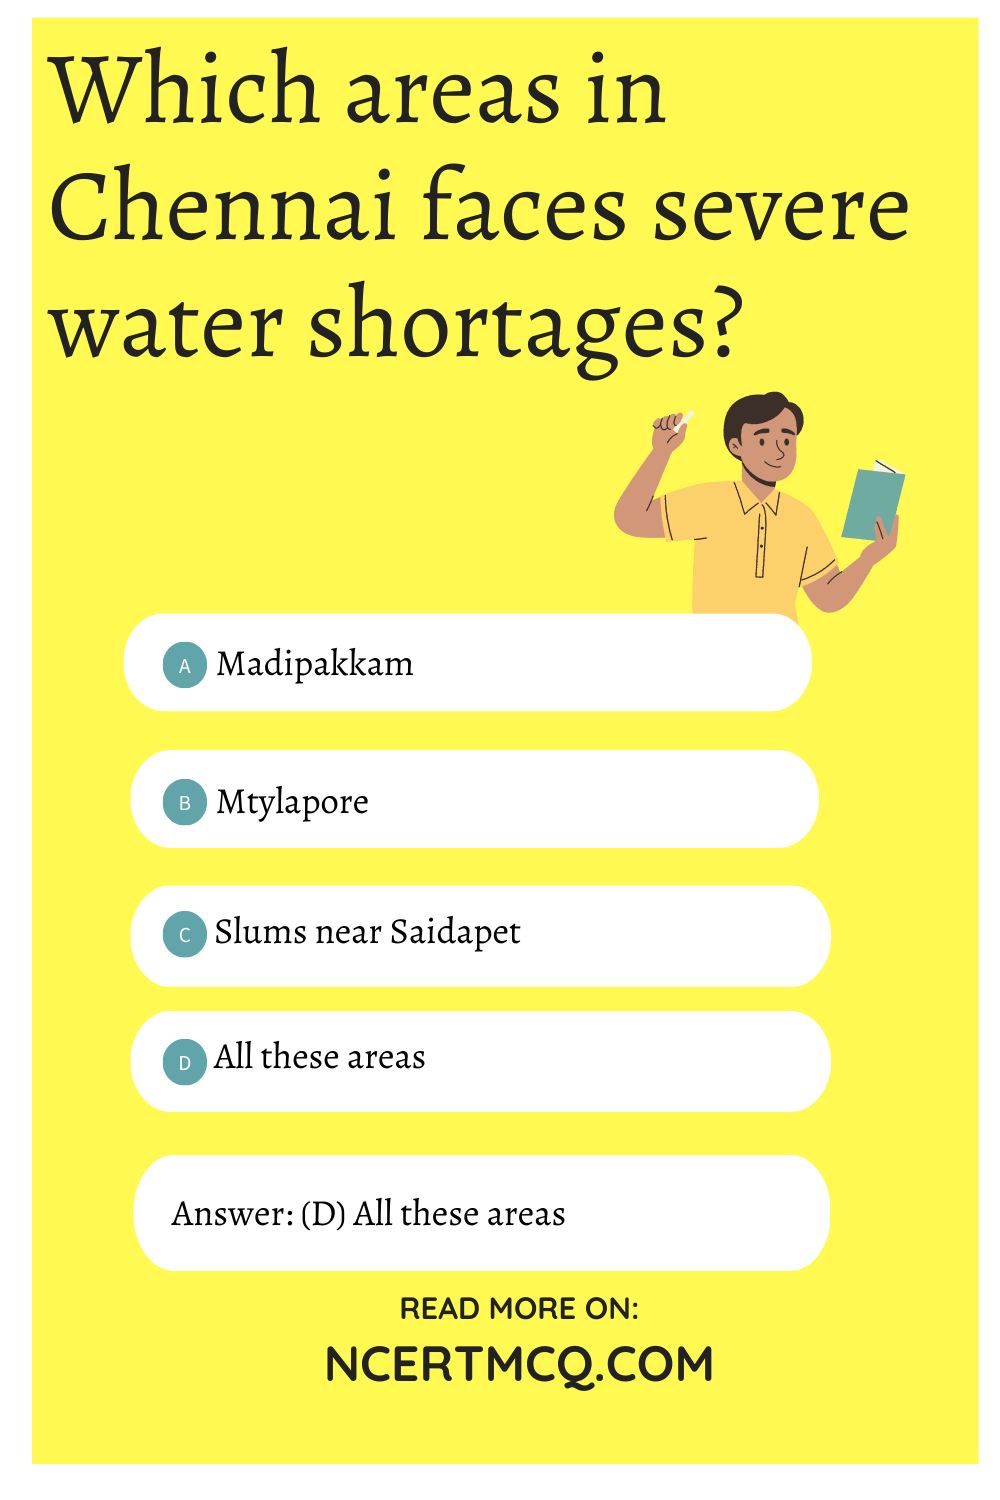 Which areas in Chennai faces severe water shortages?
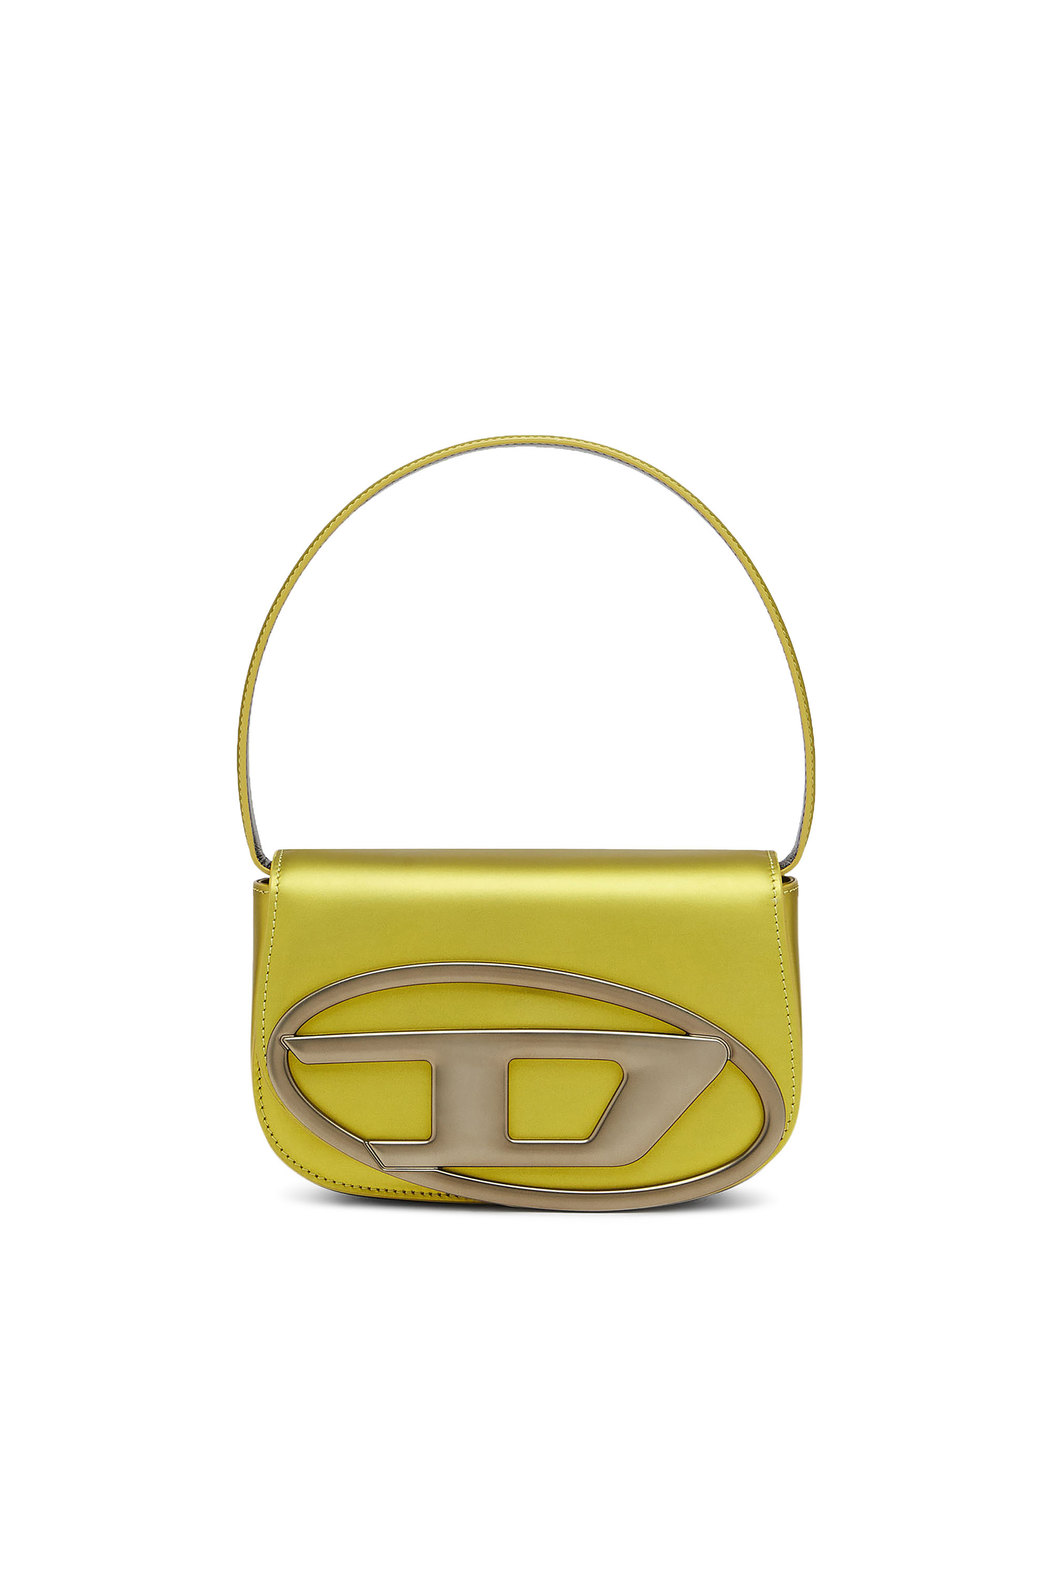 1DR - Iconic shoulder bag in metallic leather
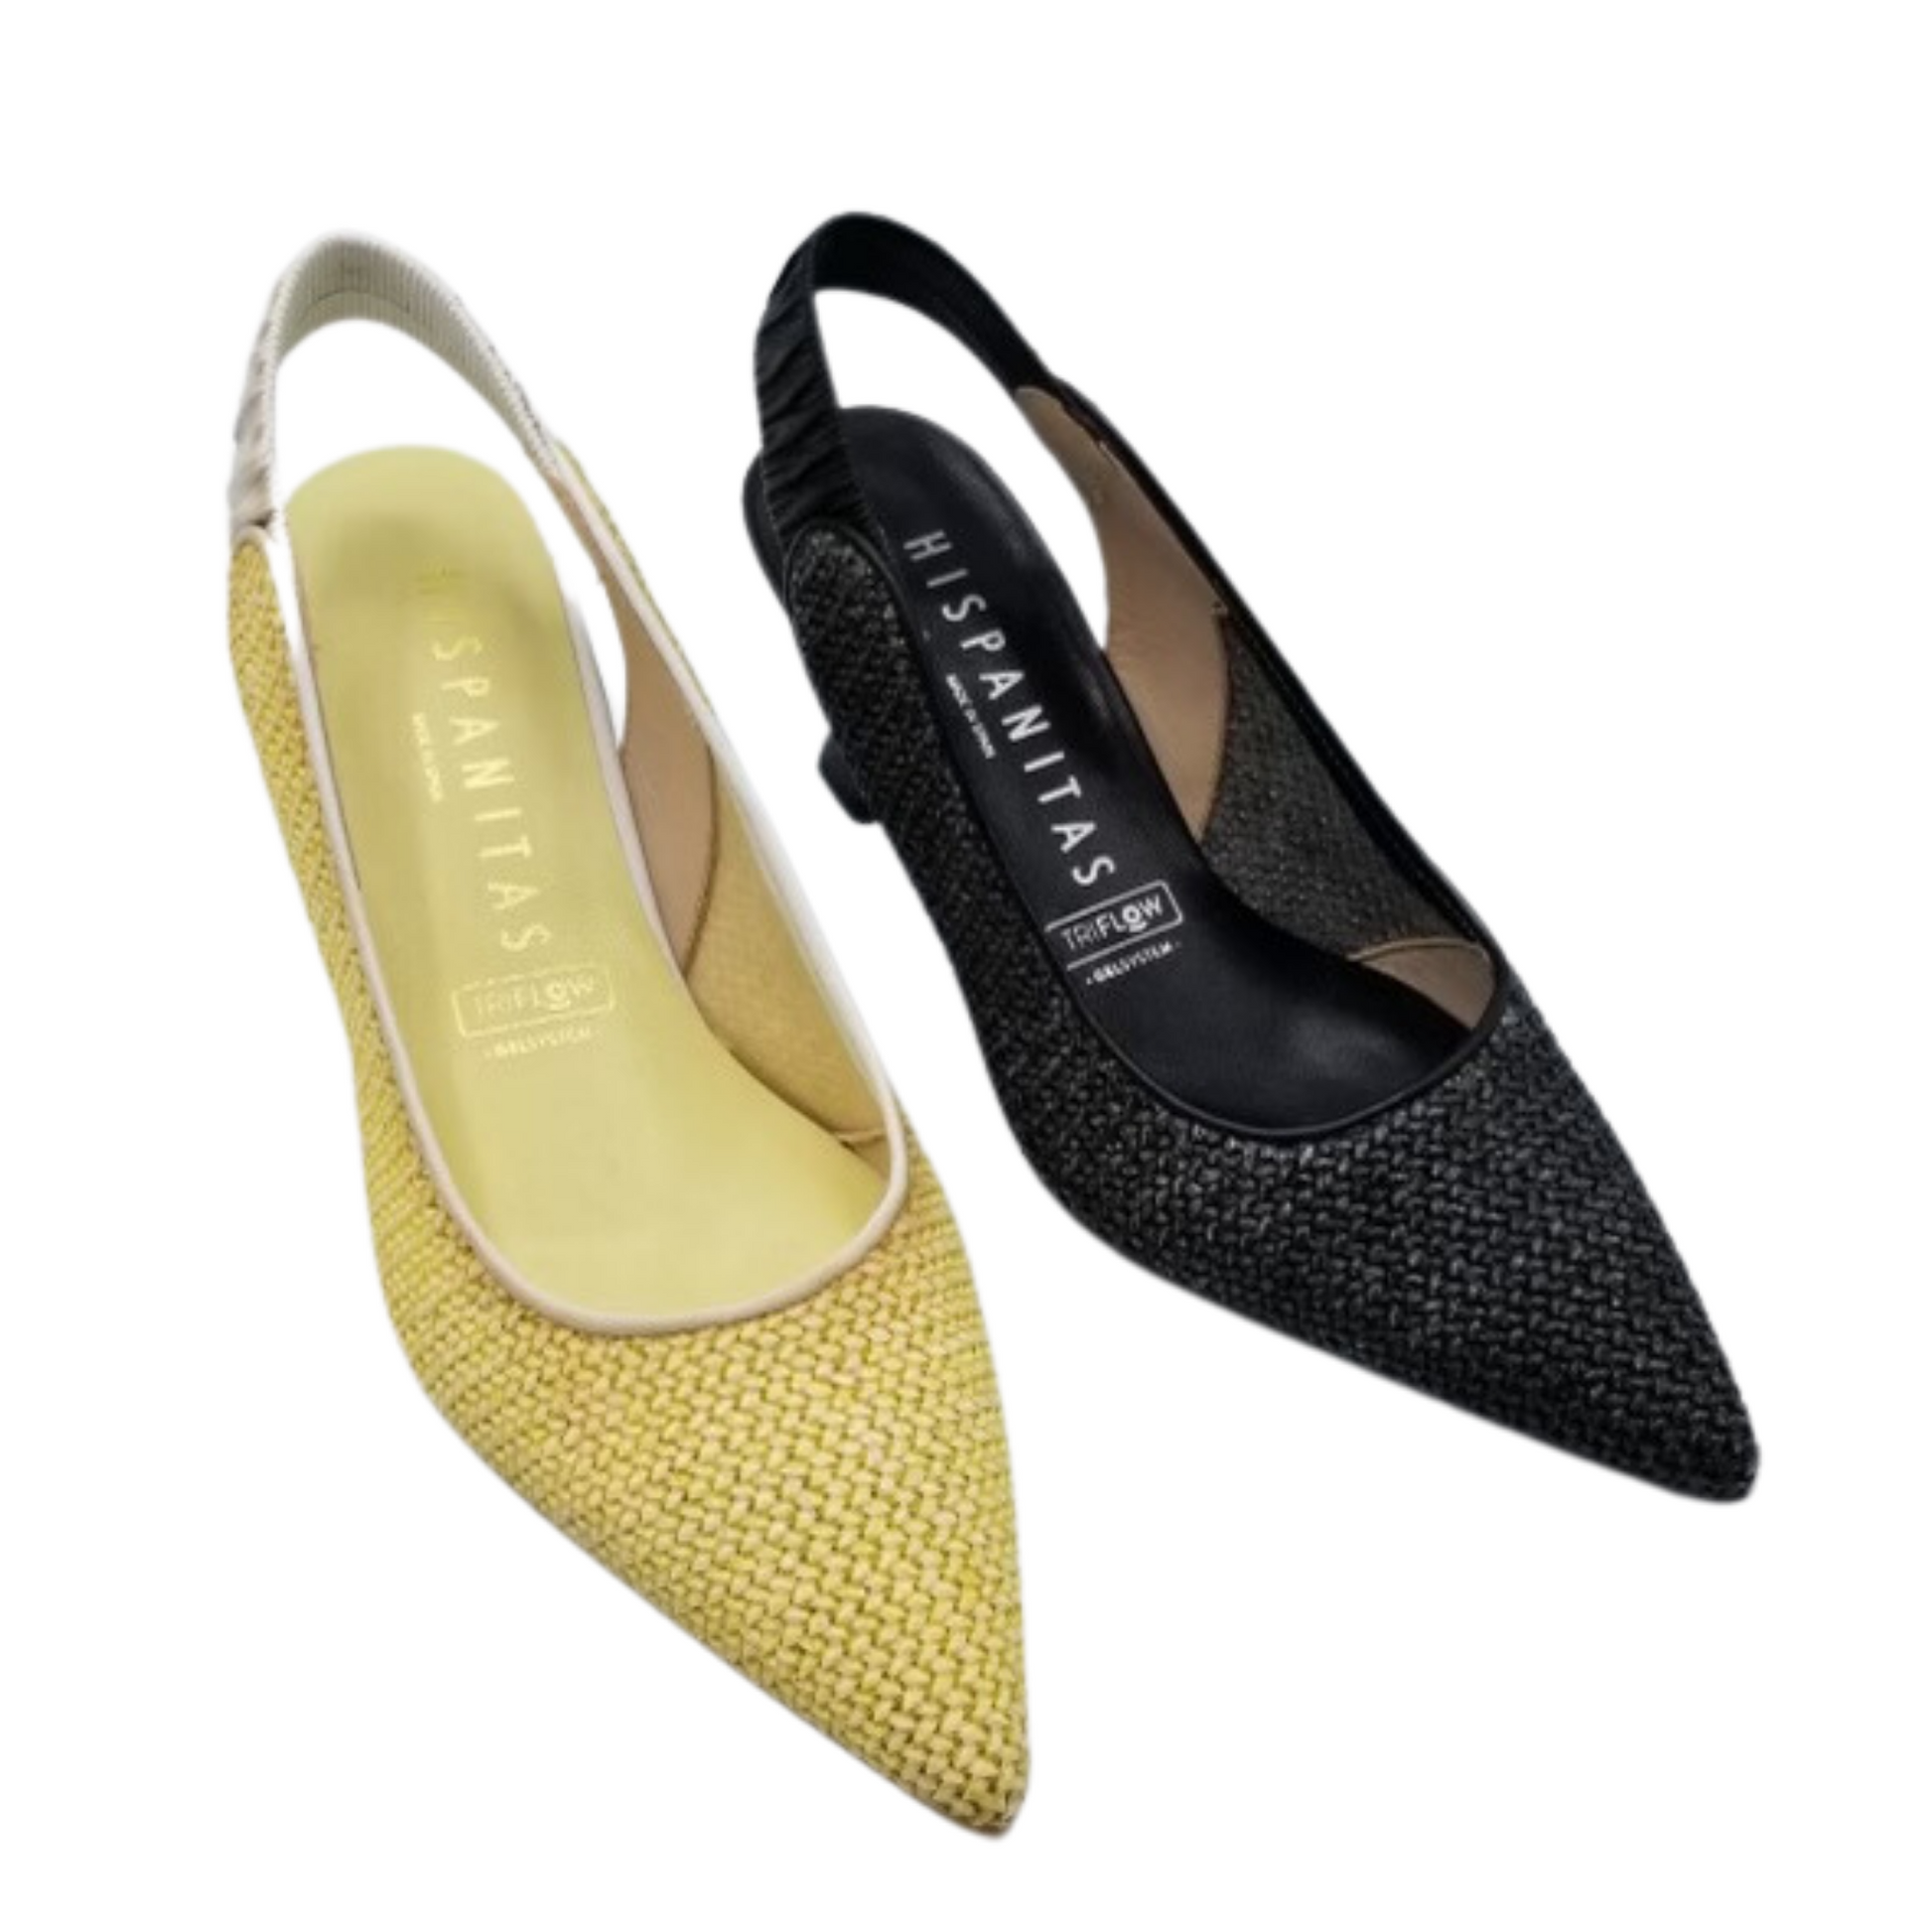 Angled front view of a pointed toe slingback pump in a textured leather.  Shown in a creamy yellow and black
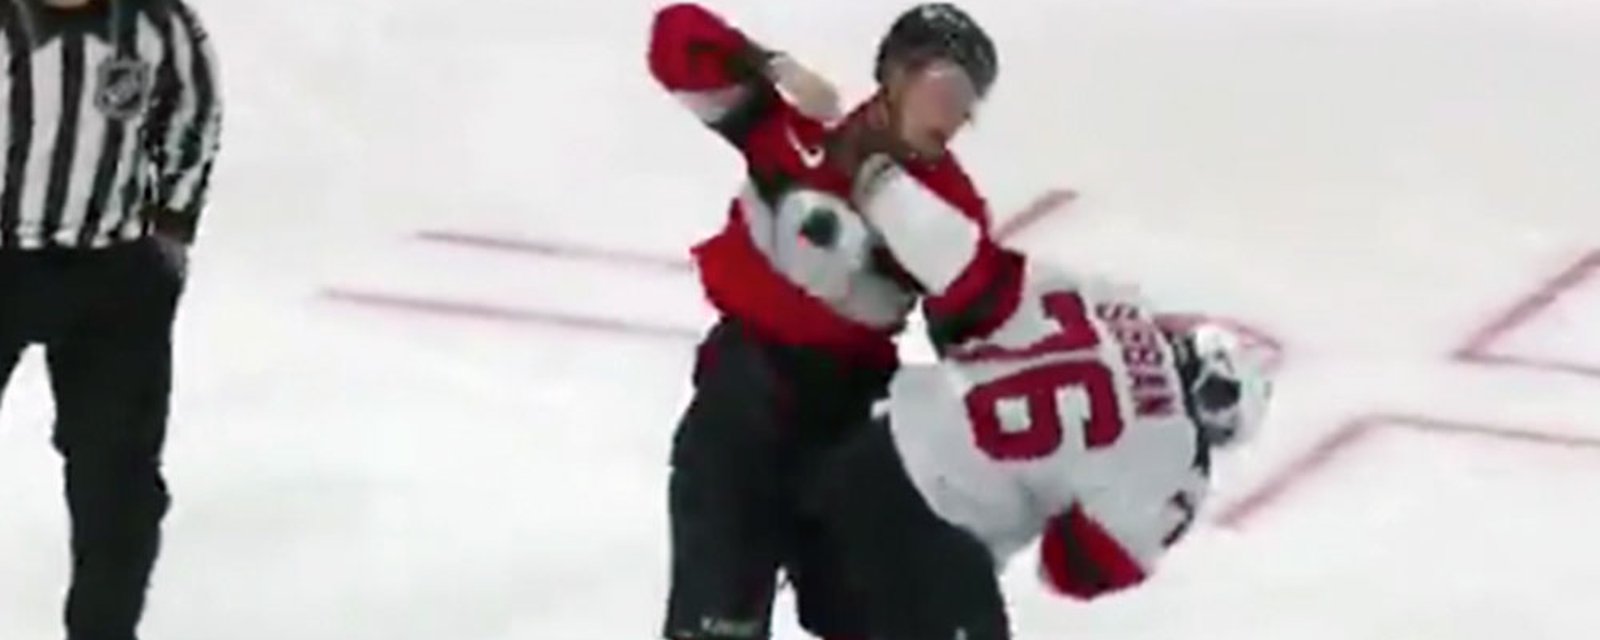 Tkachuk and Subban drop the gloves!
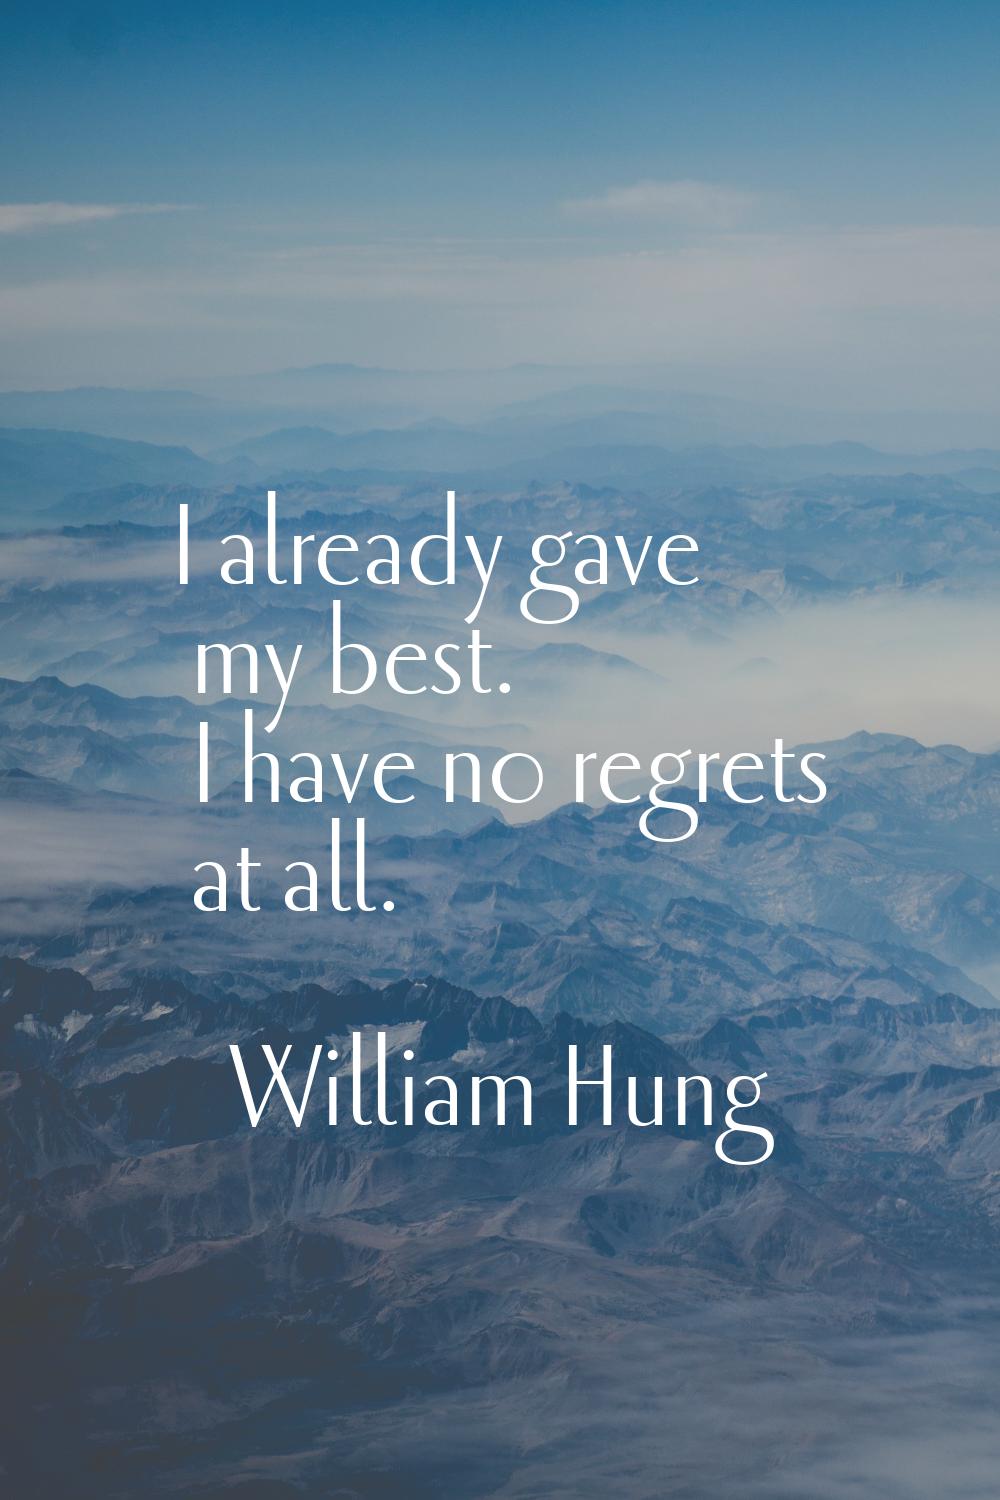 I already gave my best. I have no regrets at all.

_INSTRUCTIONS TO FOLLOW_. Above is a listing with pictures. Write it out exactly without them.

_ANSWER BOX_.
 Which areas in Chennai faces severe water shortages?
 1DR - Iconic shoulder bag in metallic leather
 Angled front view of a pointed toe slingback pump in a textured leather.  Shown in a creamy yellow and black
 Tkachuk and Subban drop the gloves!
 I already gave my best. I have no regrets at all.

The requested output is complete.